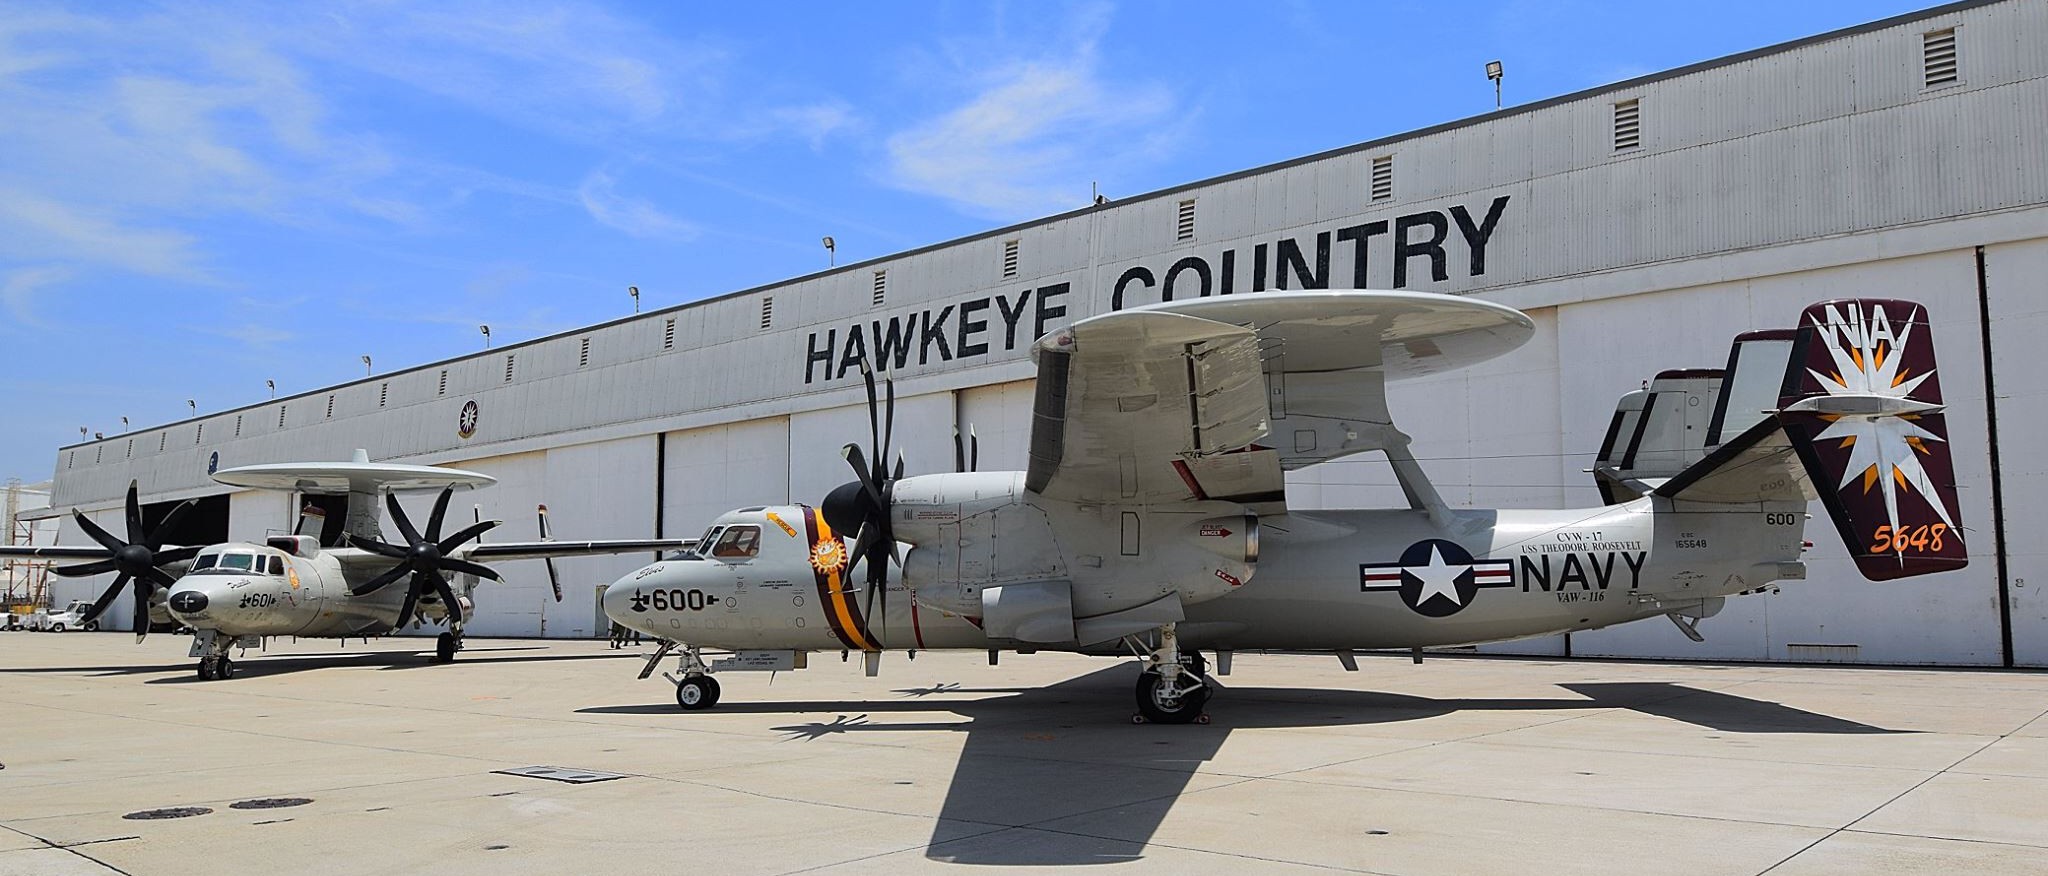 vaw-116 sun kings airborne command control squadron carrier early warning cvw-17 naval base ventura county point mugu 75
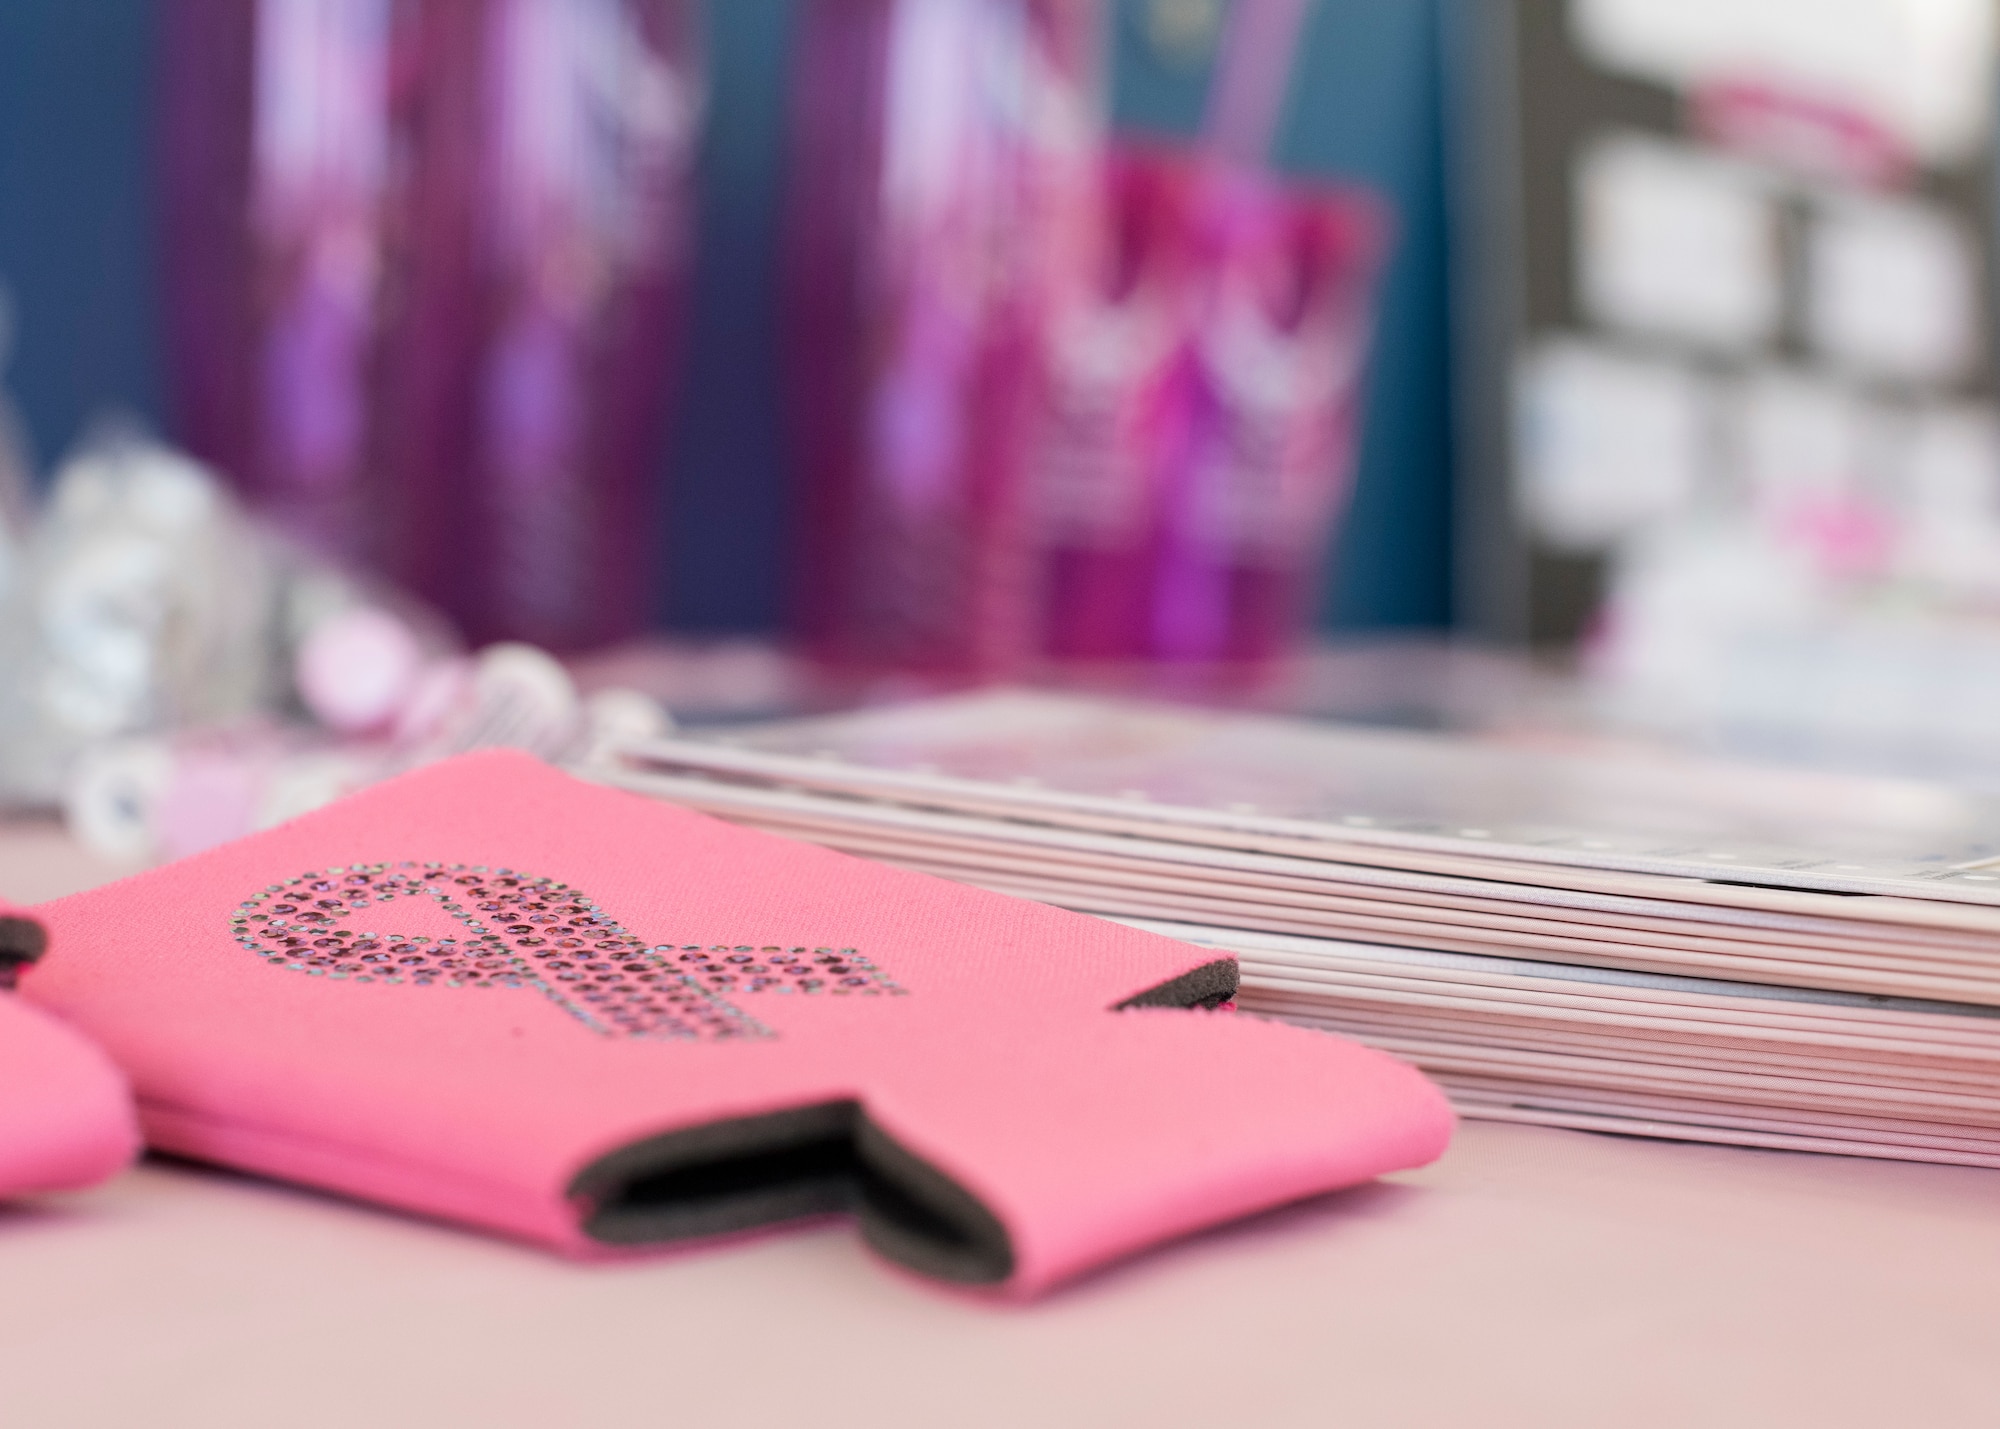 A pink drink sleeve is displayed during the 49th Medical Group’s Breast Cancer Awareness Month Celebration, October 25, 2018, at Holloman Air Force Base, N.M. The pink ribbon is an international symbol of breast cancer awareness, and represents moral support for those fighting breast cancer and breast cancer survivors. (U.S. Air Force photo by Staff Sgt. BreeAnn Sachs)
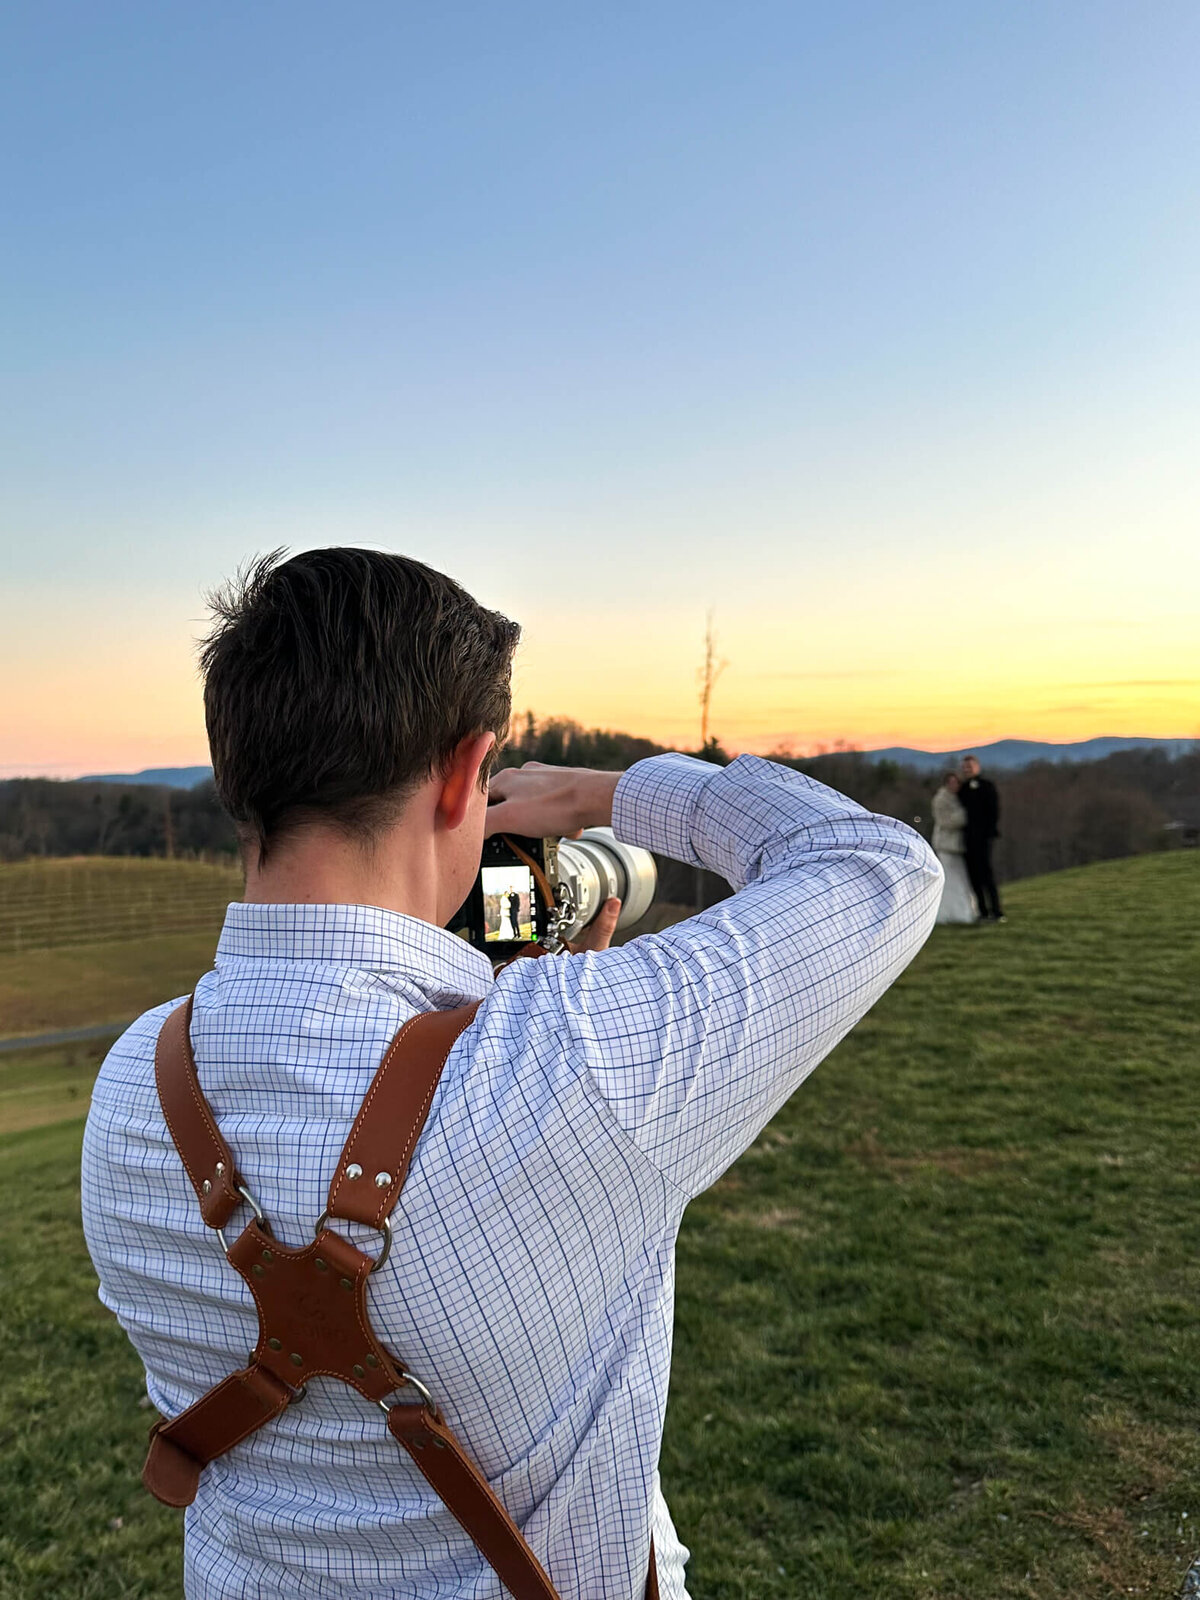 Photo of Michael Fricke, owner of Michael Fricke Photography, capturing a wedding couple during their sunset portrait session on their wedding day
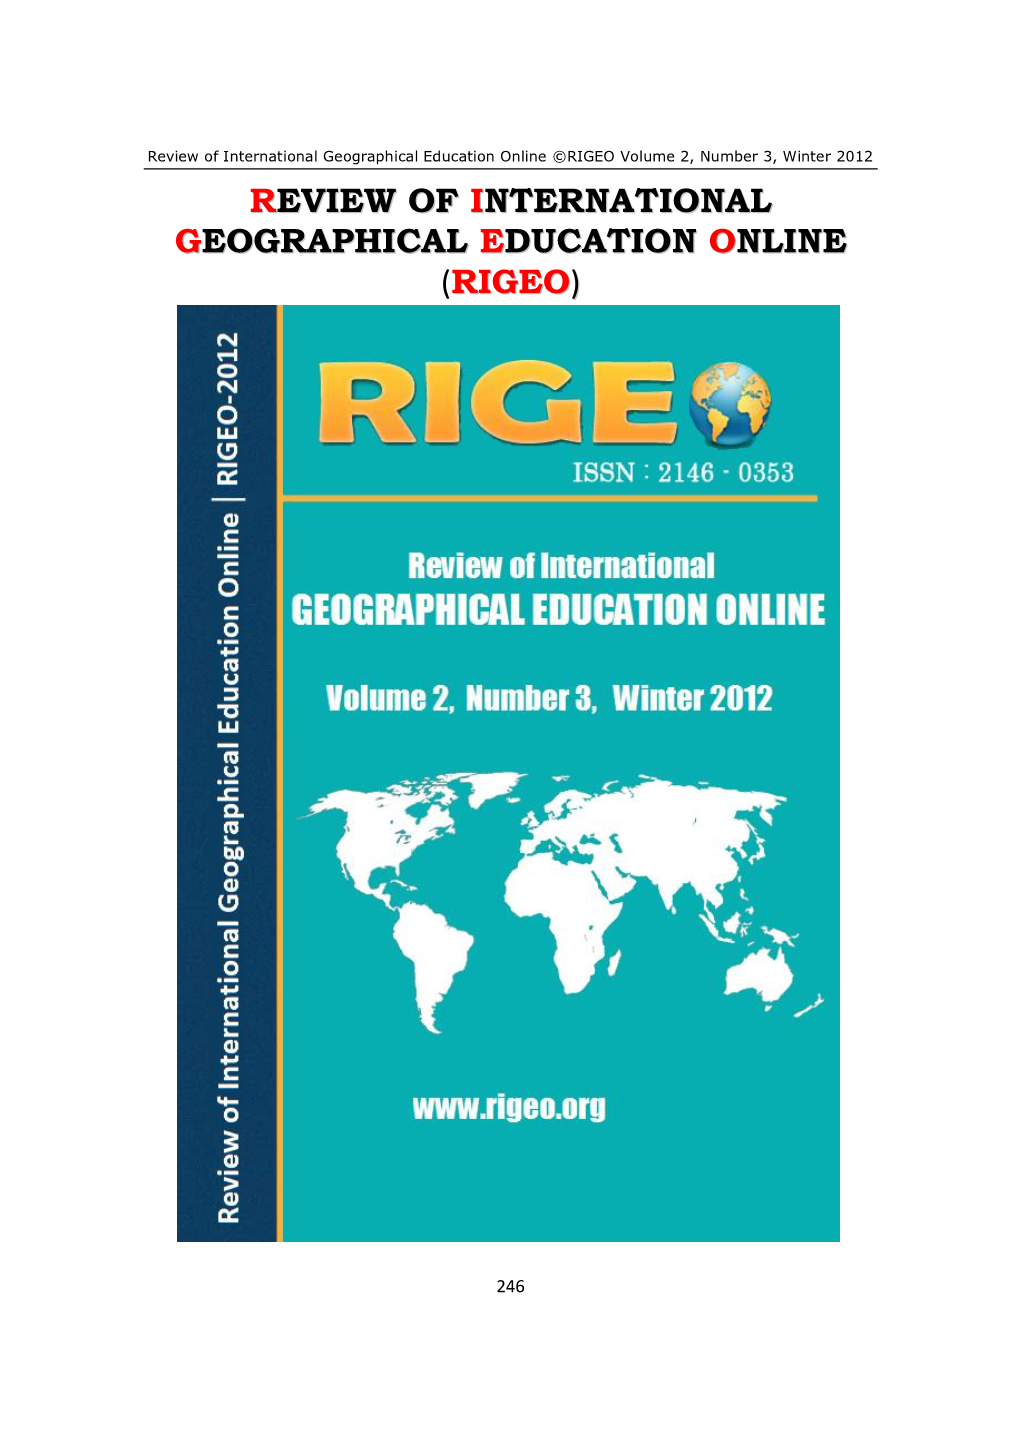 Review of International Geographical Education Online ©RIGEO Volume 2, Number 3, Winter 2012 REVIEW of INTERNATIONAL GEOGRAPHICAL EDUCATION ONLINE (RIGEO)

INSTRUCTIONS TO FOLLOW
Nothing but the lines from the first line of the listing above to the line containing "A pink drink" should appear in the answer, each one exact and with no pictures.

ANSWER SPACE
 vaw-116 sun kings airborne command control squadron carrier early warning cvw-17 naval base ventura county point mugu 75
 A pink drink sleeve is displayed during the 49th Medical Group’s Breast Cancer Awareness Month Celebration, October 25, 2018, at Holloman Air Force Base, N.M. The pink ribbon is an international symbol of breast cancer awareness, and represents moral support for those fighting breast cancer and breast cancer survivors. (U.S. Air Force photo by Staff Sgt. BreeAnn Sachs)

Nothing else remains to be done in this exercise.